Perhaps this is all part of New Labour's videotape vision of Britain as "the young country". It isn't really a young country, of course, and most of the electorate is not young either, but the New Cromwellians may feel there is at least something youthful in bringing down old institutions and dumping old traditions. That is a youthful approach - or, rather, an adolescent one. I used to share it, and I still have some ambivalent feelings about pomp and circumstance.
As it happens I have seen quite a lot of it, at least of the naval kind, because my uncle, the late William Staveley, was a sailor and became First Sea Lord in the 1980s. Through his kindness and hospitality I occasionally found myself being piped on to great battleships to watch the Queen's review of the fleet at Spithead; being piped into very formal dinners at Norwood, surrounded by staff at Admiralty Arch, and, to me most strangely of all, being addressed respectfully, when scarcely out of my teens, as Ma'am. When I was young, although I was very pleased to be invited and immensely proud of my handsome and affectionate uncle, all this ceremony embarrassed me. I was still in the grip of the usual adolescent egalitarianism, and unable to understand the importance of ceremony and order and the extreme self-discipline which underlies them.
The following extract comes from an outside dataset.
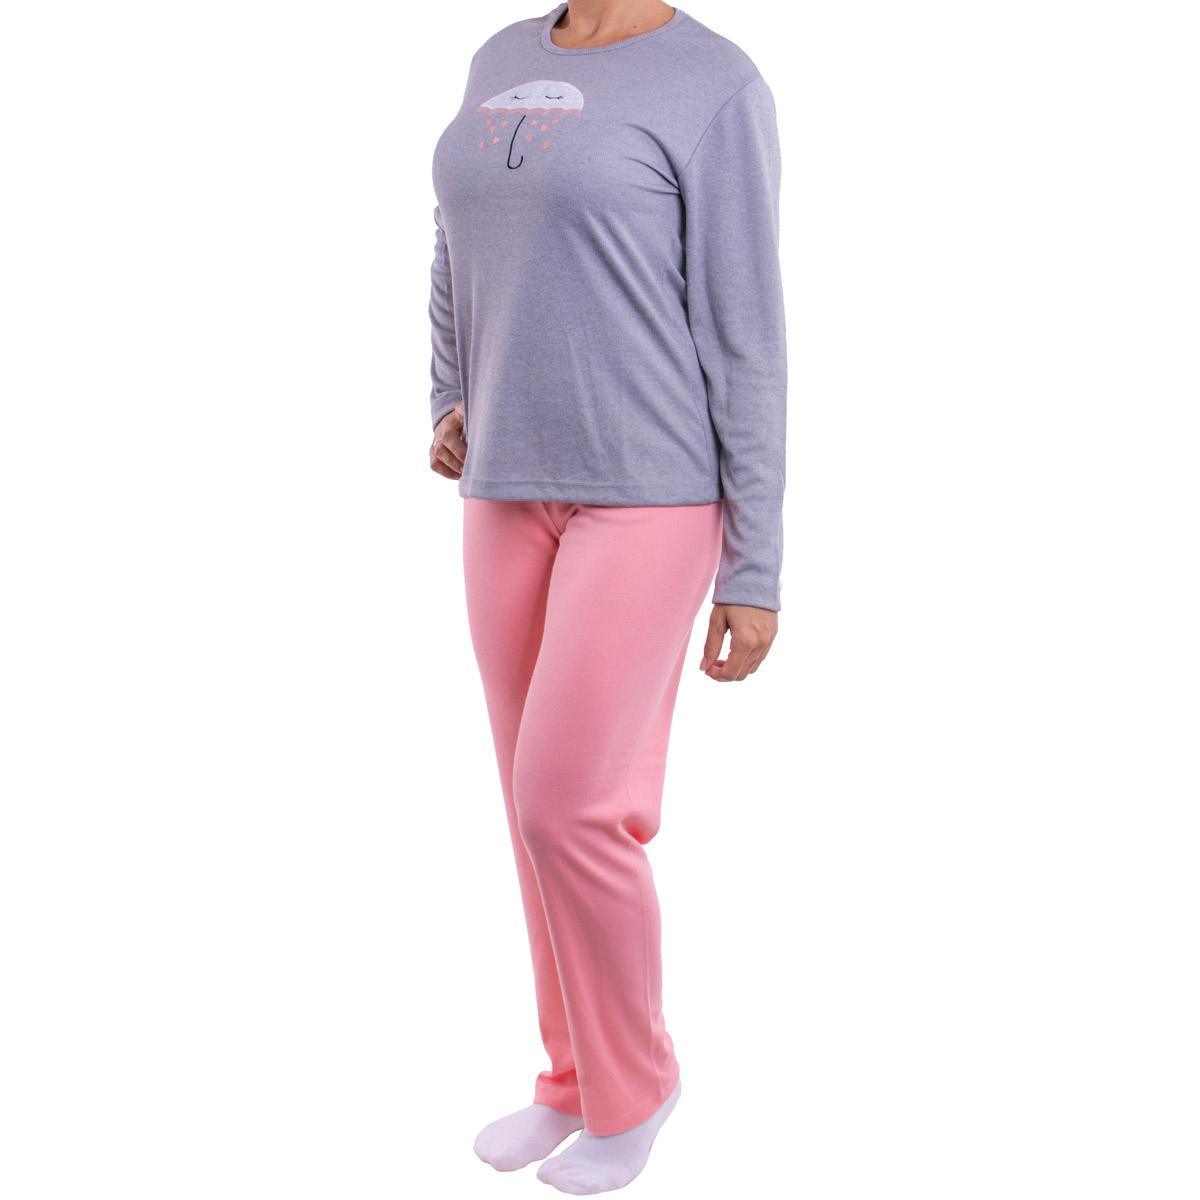 Pijama feminino para o inverno BORDADO Victory

Now I see more clearly how essential they all are. They are a necessary expression of tradition and self-respect, the very opposite of unselfdisciplined, anarchic feely-touchiness. It is true that some of our public ceremonies have become faintly ridiculous; there are far too many drums and pantomime horses and old men walking backwards. All these things must change and adapt. But, as any anthropologist knows, it is very dangerous to abandon all at once our myths of ourselves and pride in our traditions, and the rituals which express both; or, with all the authority of a Prime Minister, to insult them in bogus indignation, as Blair has done. It is also very adolescent - irresponsible, immature, ineffectual, iconoclastic posturing.
Though no longer a child, Mr Blair seems still to be seeing through a glass rather darkly -in his case a narcissistic public relations glass.